Claire is an attractive CIA operative and Ray is an M16 agent who simultaneously leave their Governmental spy activities in the dust to try and profit from a battle between two rival multi-national corporations both trying to launch a new product that will transform the world and make billions. Their goal is to secure the top-secret formula and get a patent before they are outsmarted. While their respective egomaniacal CEOs engage in an unending battle of wills and one-upmanship Claire and Ray start out conning and playing one another in a clever game of industrial espionage that is even more complicated due to their own long-term romantic relationship.
WHO’S IN IT?
Reuniting Closer co-stars Julia Roberts (as Claire) and Clive Owen (as Ray) turns out to be an inspired idea. They turn out to be the perfect pair oozing movie-star charm and electricity in this elaborate con-game that might have been the kind of thing Audrey Hepburn and Cary Grant might have made in the '60s (in fact they did in Charade). Roberts with that infamous hairstyle back the way we like it and Owen looking great in sunglasses prove they have what it takes to navigate us through this ultra-complex plot in which no one is sure who they can trust at any given moment. They play it all in high style and the wit just flows as the story skirts back and forth during the period of five years. The supporting cast is well-chosen with juicy roles for Tom Wilkinson and Paul Giamatti (out of their John Adams duds) as the two CEOs going for each other’s throats. Giamatti who sometimes has a tendency to overdo it is especially slimy here and great fun to watch.

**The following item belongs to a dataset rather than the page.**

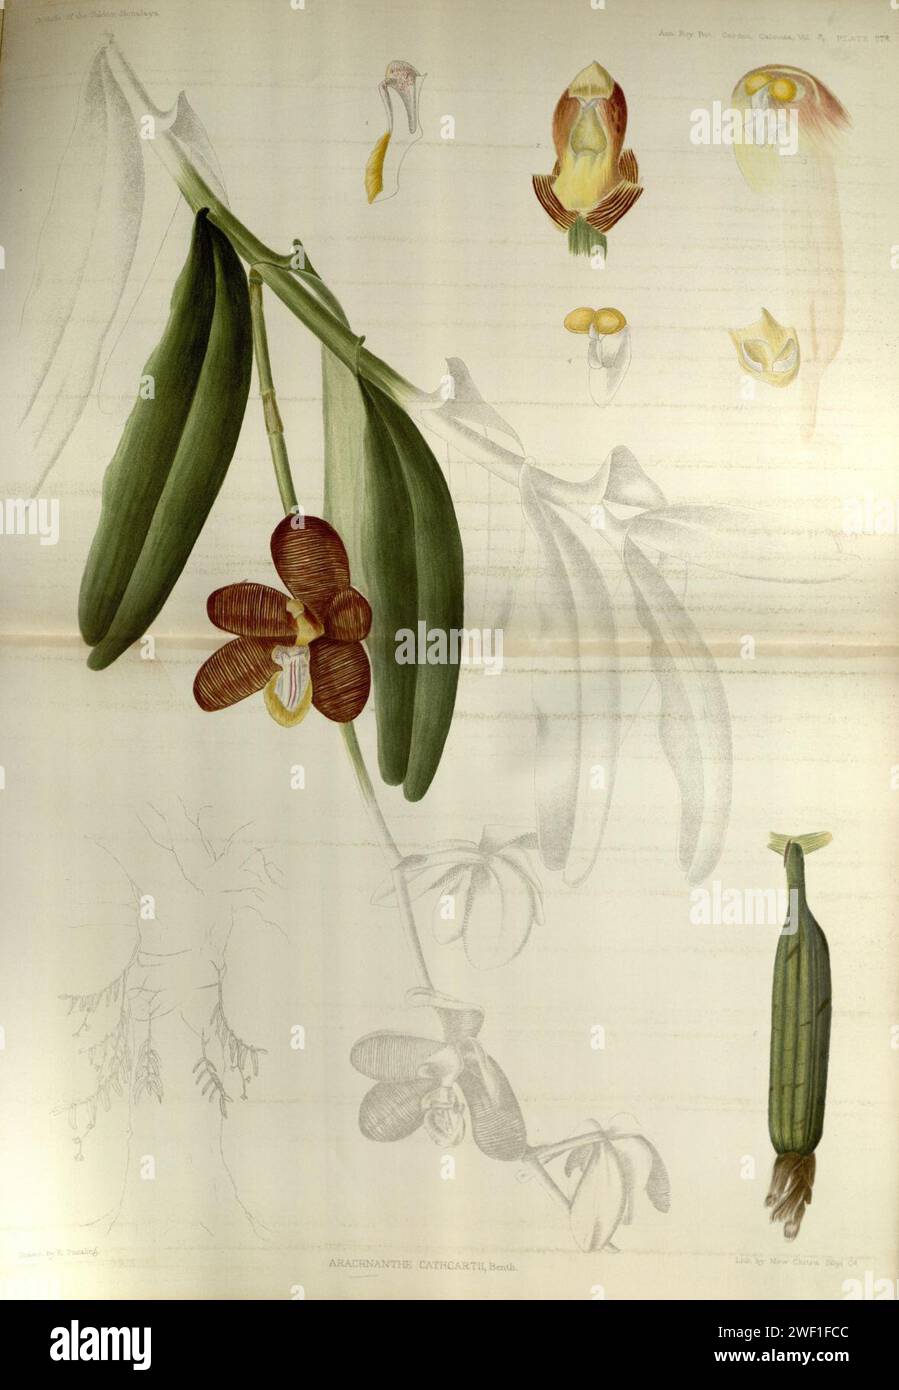 Arachnis cathcartii (as Arachnanthe cathcartii) - The Orchids of the Sikkim-Himalaya pl 278 (1898). Stock Photo

Big-star studio movies today rarely take risks and often talk down to the audience but in Duplicity writer/director Tony Gilroy (Michael Clayton) has crafted a complicated con-comedy that requires complete attention at all times just to keep up with the dense plot’s twists and turns. It’s the cinematic equivalent of a New York Times crossword puzzle and Gilroy and his top-drawer production team deliver a glossy beautiful-looking film that’s easy on the eyes hitting locations from Dubai to Rome to New York City.
Like any good puzzle it sometimes can be frustrating putting it all together and Gilroy’s habit of taking us back in time and then inching forward gets a little confusing even with the on-screen chyron pointing out where we are at any given moment. Stick with it though and you will be well-rewarded.
A scene near the end where the formula must be found scanned and faxed in a matter of minutes is sweat-inducing edge-of-your-seat moviemaking and it provides the ultimate opportunity for Roberts and Owen to take the “con” to the next level. Another where Roberts uses a thong to try and trick Owen into admitting an affair he never had is also priceless and gets right to the heart of the game-playing.
GO OUT AND GET POPCORN WHEN ...
Never. Stock up during the coming attractions. If you miss a moment of this entertaining romp you might never figure it all out.